Once the line containing "ҚР Үкіметінің қаулысы" is reached in the listing below, reproduce it and all later lines through the final one exactly, but omit any pictures.
**** Exercise data
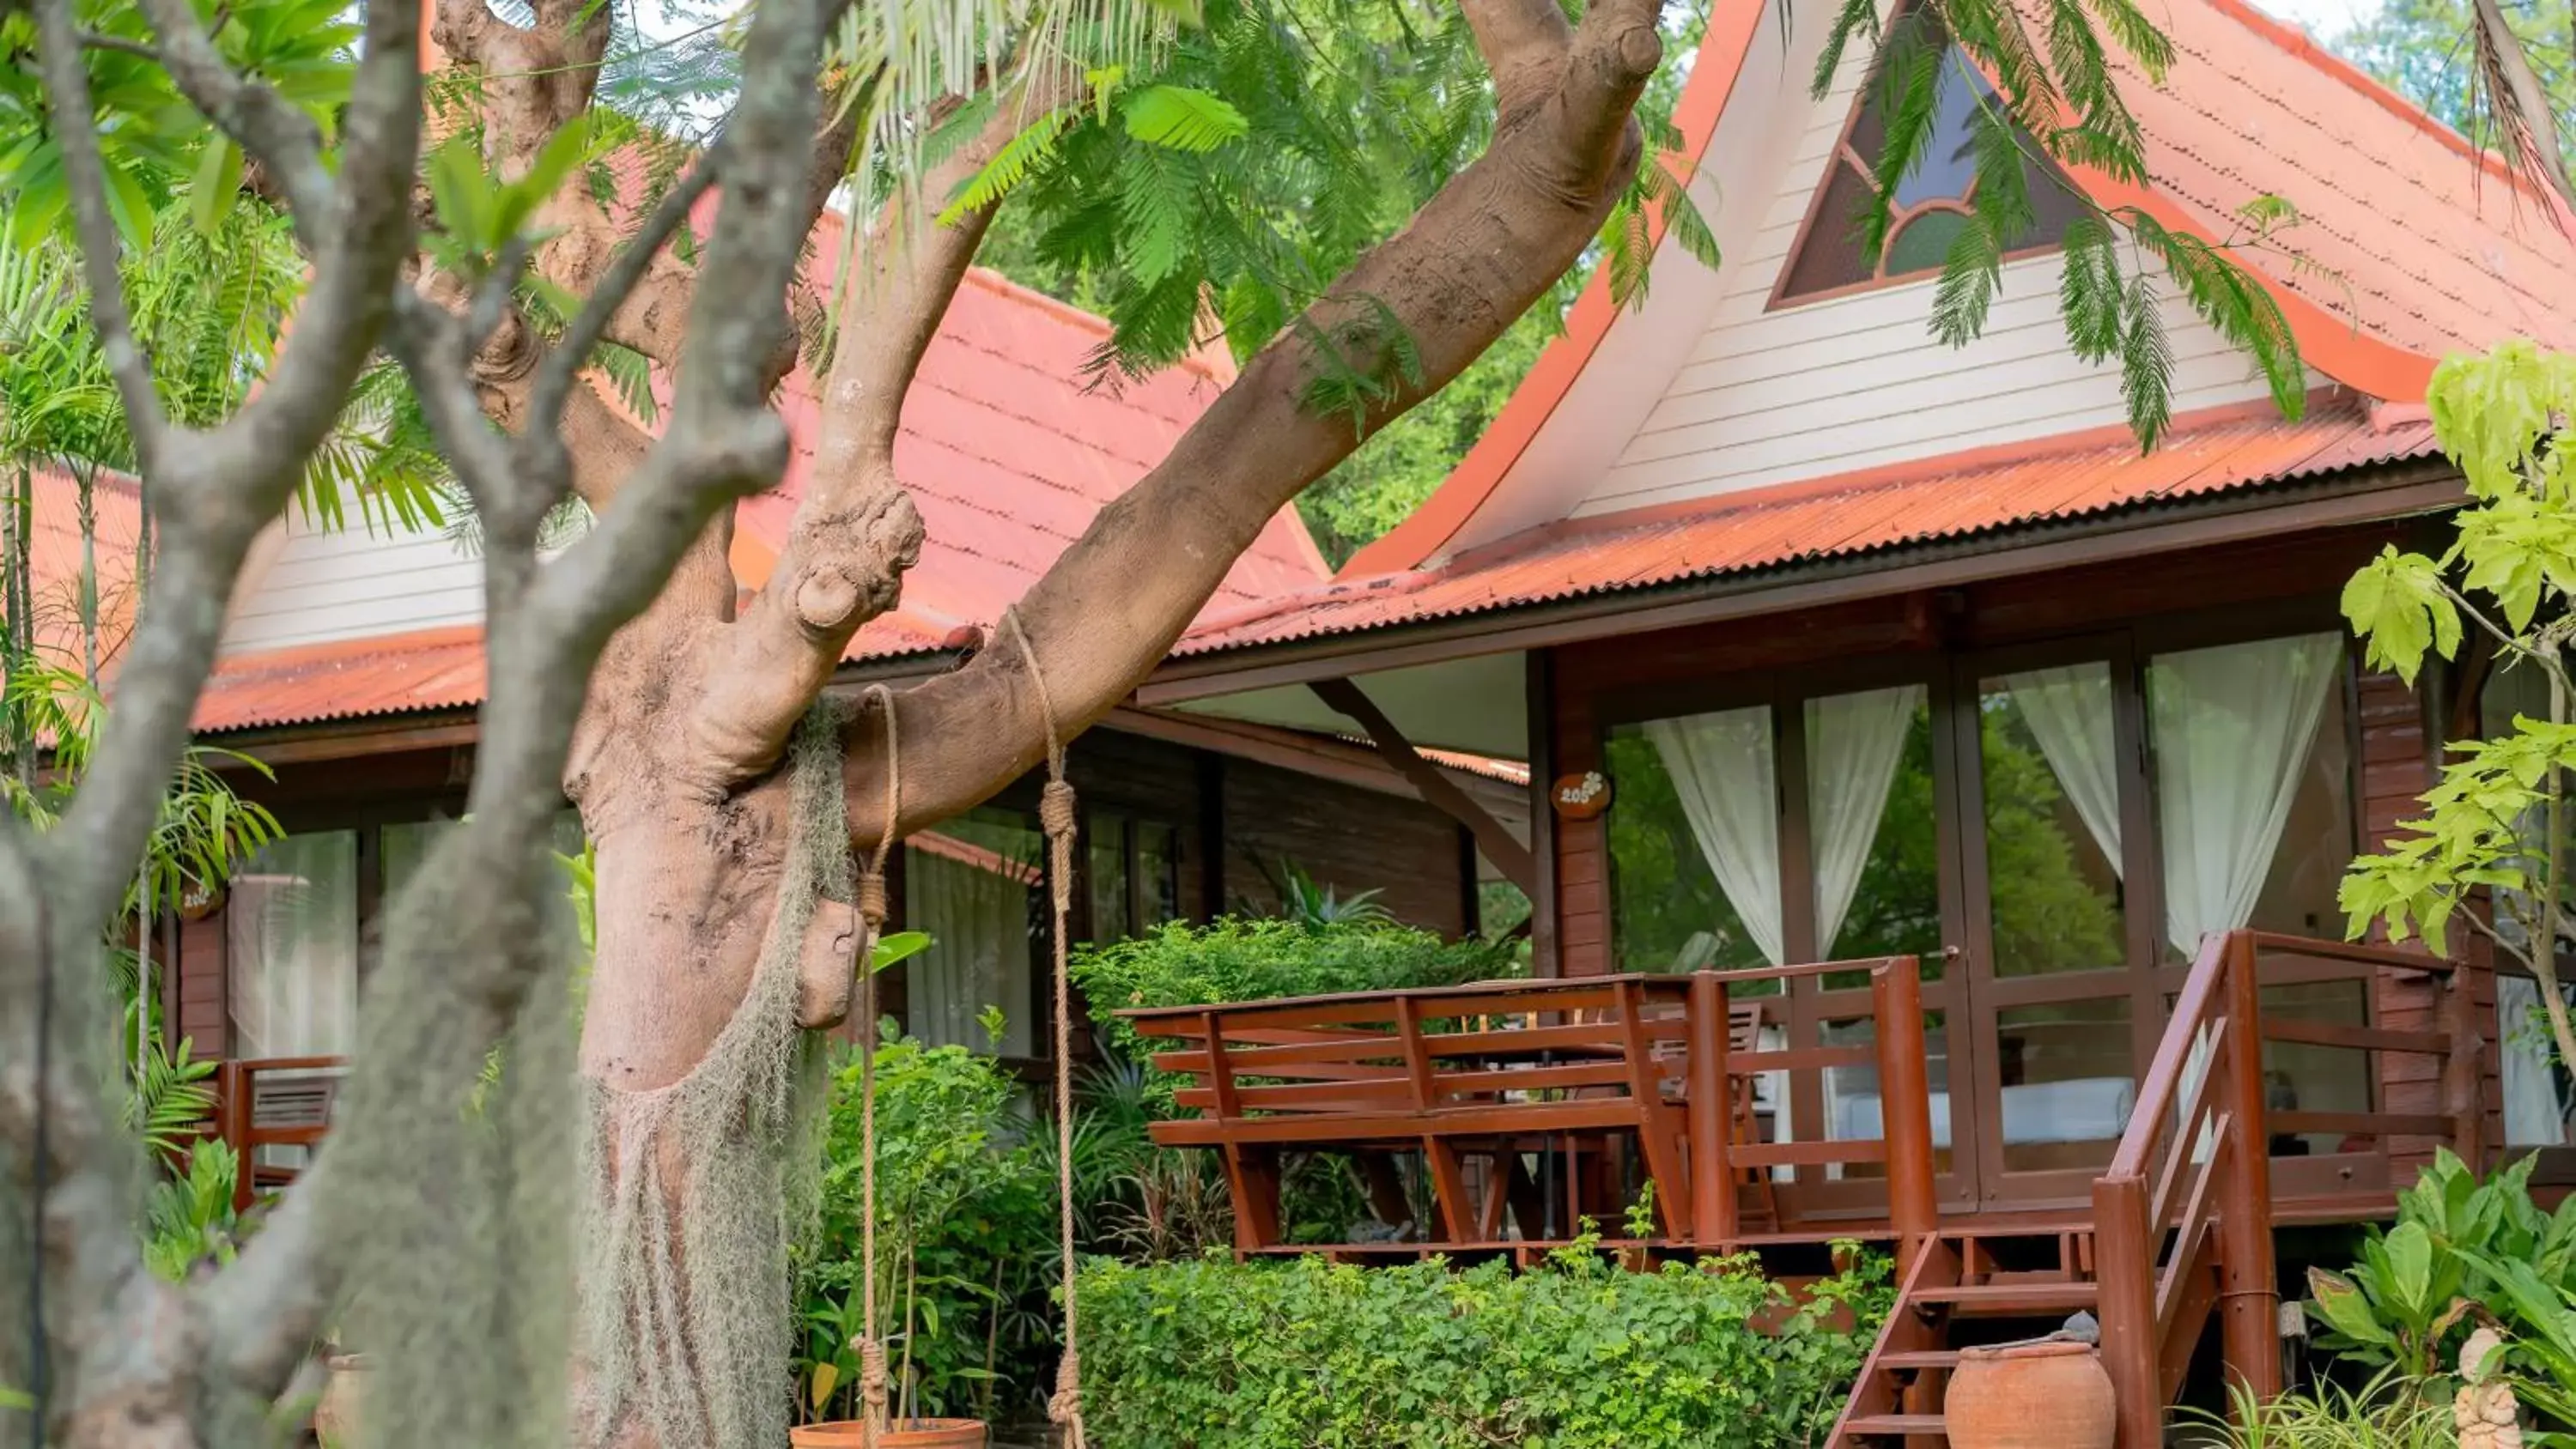 Garden view in Baan Duangkaew Resort
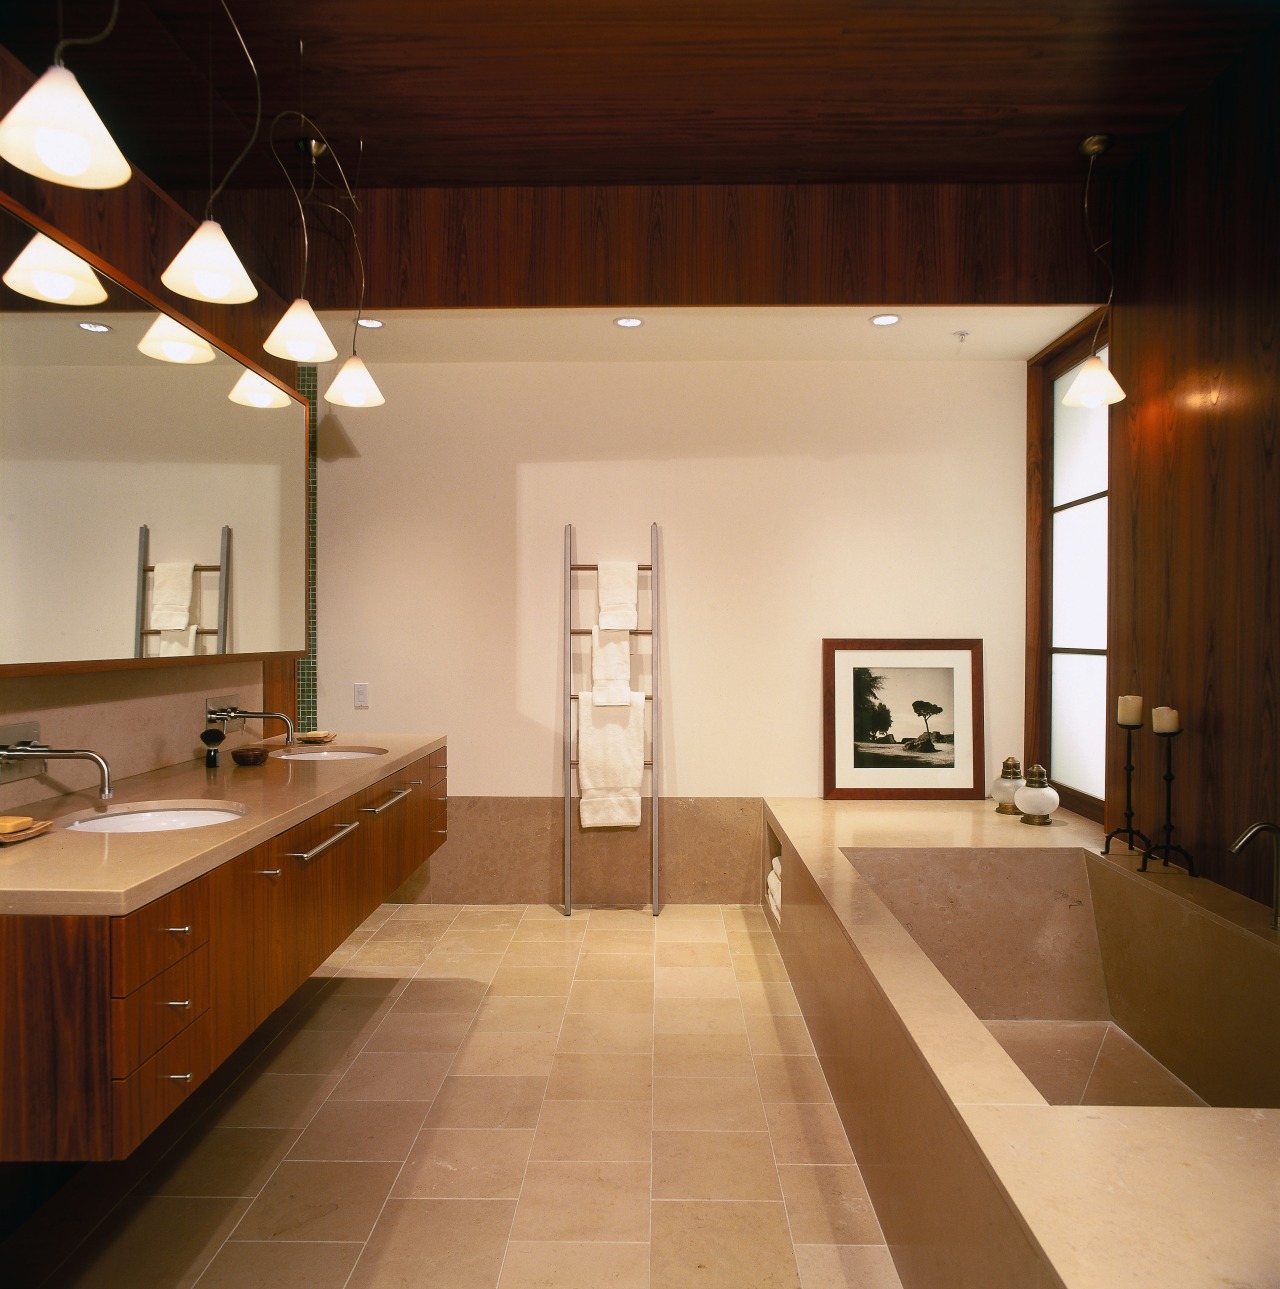 view of the bathroom featuring teak veneer vanity architecture, bathroom, ceiling, countertop, daylighting, floor, flooring, home, house, interior design, real estate, room, sink, orange, brown
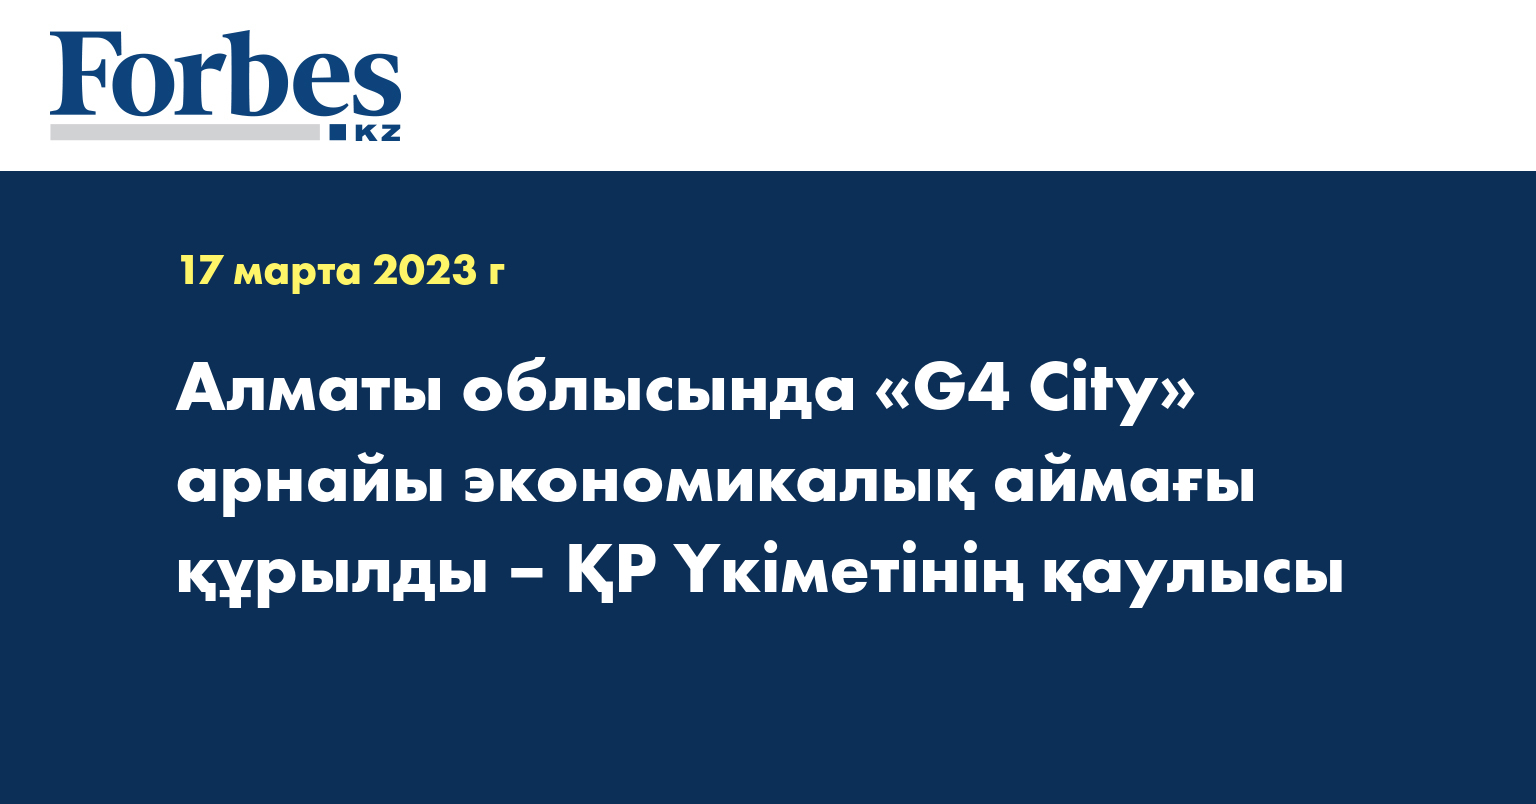 Алматы облысында «G4 City» арнайы экономикалық аймағы құрылды – ҚР Үкіметінің қаулысы
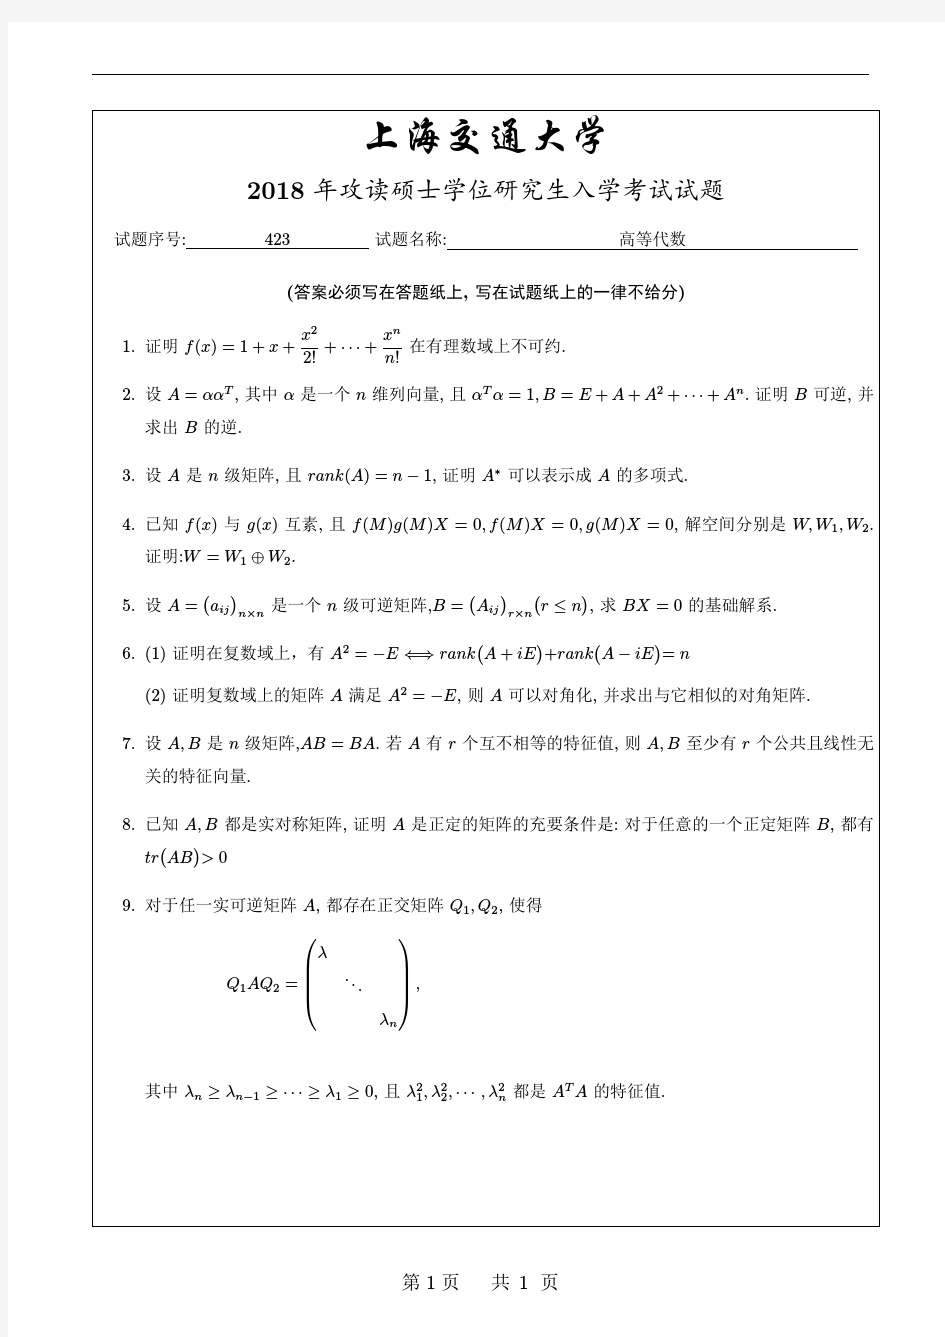 上海交通大学2018高等代数试题(1)
********
Completed task:
 Алматы облысында «G4 City» арнайы экономикалық аймағы құрылды – ҚР Үкіметінің қаулысы
 上海交通大学2018高等代数试题(1)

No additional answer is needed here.